Re: [Trae] Fly or Die
Trae wrote:
So do you have some fly or die survival story to tell??? Or can you explain why anyone would want to do it on purpose?
I had a turn and miss situation, more like turn or die. It was a bad judgement call on my part.
Approximately 200th wingsuit base jump, 2nd day on 2nd trip of the season (october)... 40ish base jumps on my V4 since Late August, 10 jumps of this exit prior in V2 / V3 / V4... and 2nd jump of day at that exit.
What happened? I screwed up.
Read on if you like or skip to the video at the end.

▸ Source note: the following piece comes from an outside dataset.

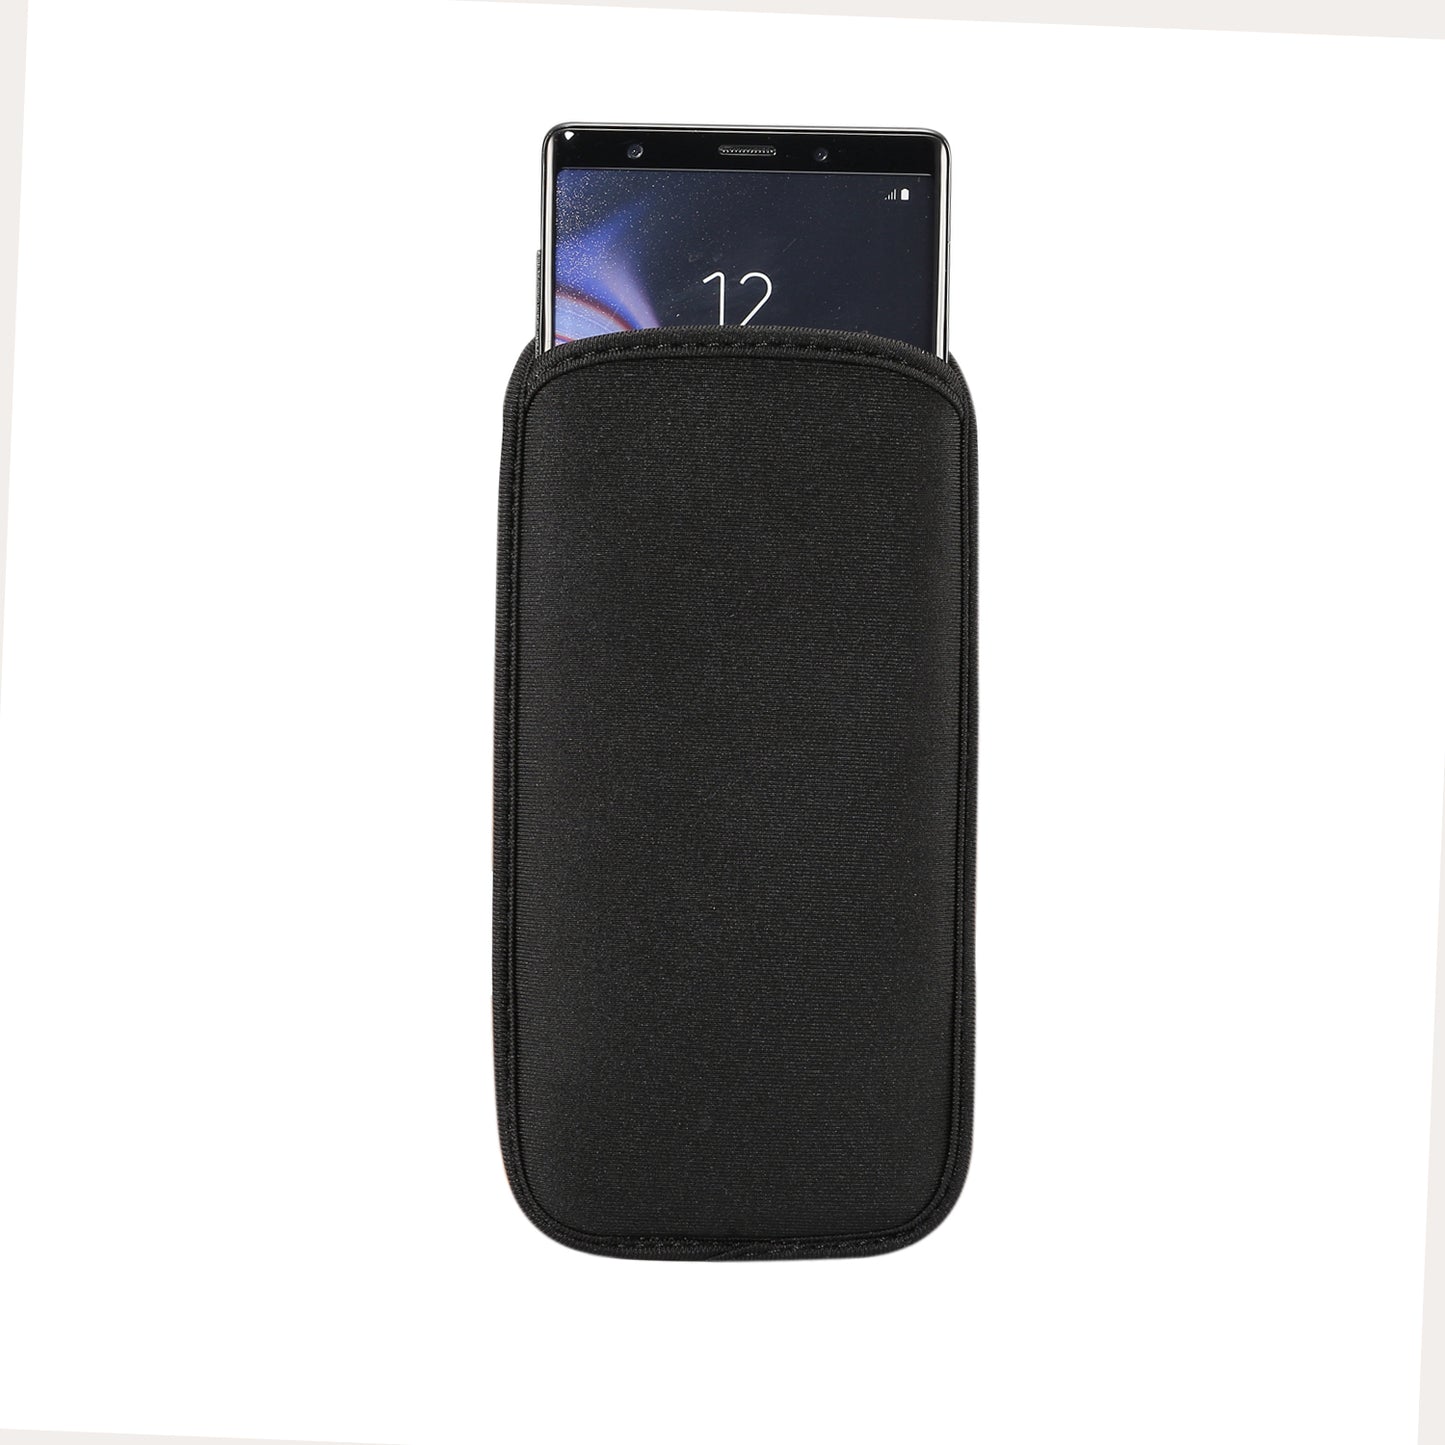 Neoprene Universal Phone Pouch Case for 6.7-6.9 inch Mobile Phones
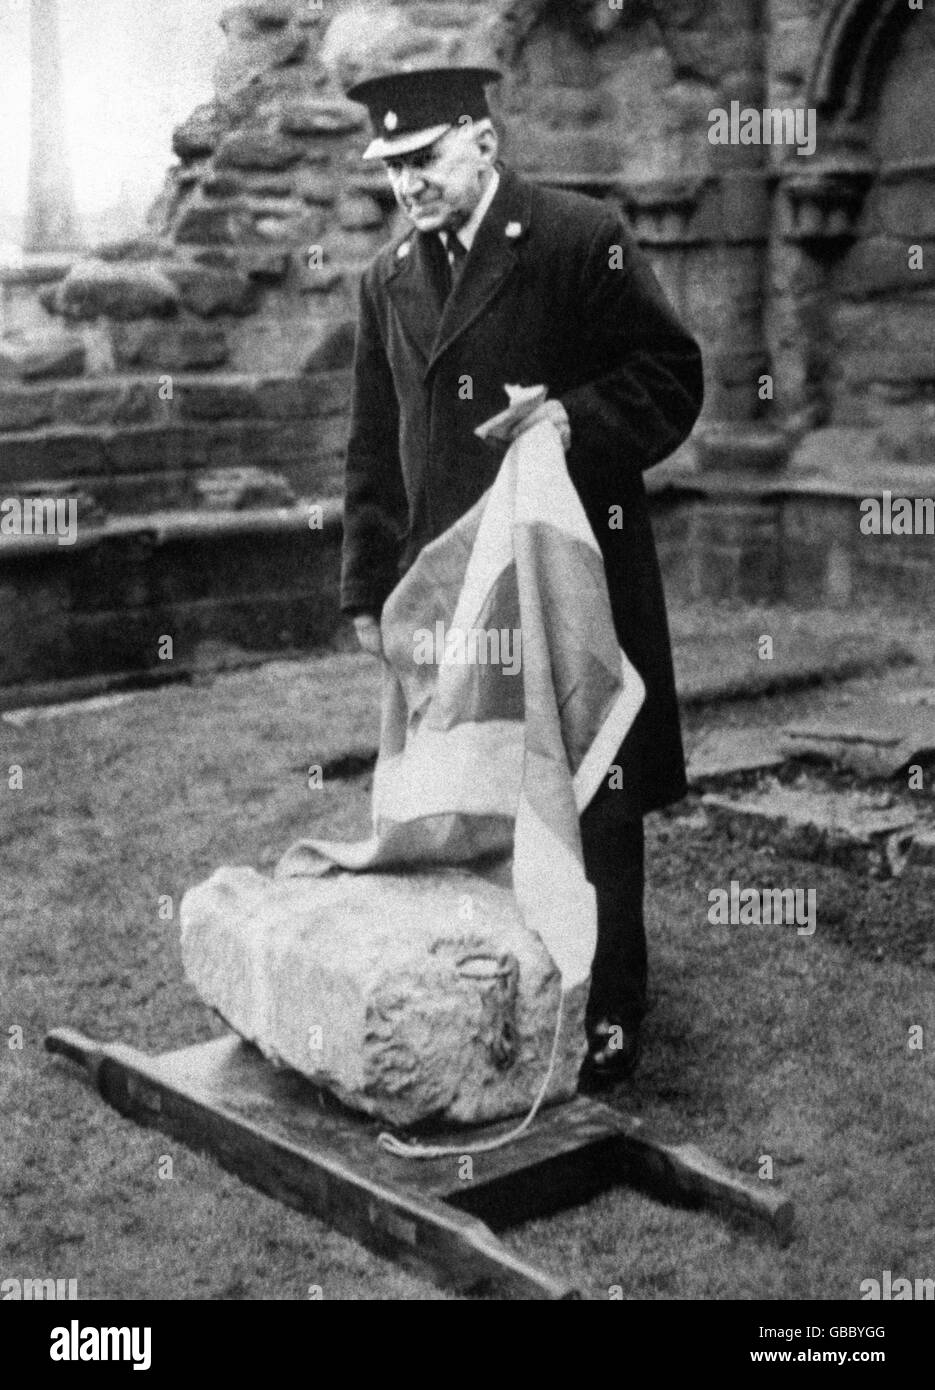 A stone - said to be the Scottish Stone of Destiny (Stone of Scone) but awaiting positive identification - was removed from Arbroath Abbey, Forfarshire, by police, who believed it to be the Stone of Scone stolen from Westminster Abbey. Stock Photo

Basically it was my 2nd trip, and I had not really spent enough time warming up. I did a couple jumps the day before when I arrived, and went to the site as bad weather was closing in.
I had not flown between the tree and the rock the previous jump, because I didn't like my exit and speed, so I went back up and tried it again.
My exit was ok, but I basically was flying the suit very slow, trying to float it in position. I remember knowing I was screwing up and just kept going. The alarm bell was going off in my head that it was an abort, but strangely I did not.
As I got to my desired spot, I started to go steep to get in attack mode. It was then I realized I had flown myself into a spot where I couldn't pick up enough speed to aggressively fly what I wanted. I banked away, thinking I might hit the ridge. I didn't but it was close enough for me to believe I had ended my life.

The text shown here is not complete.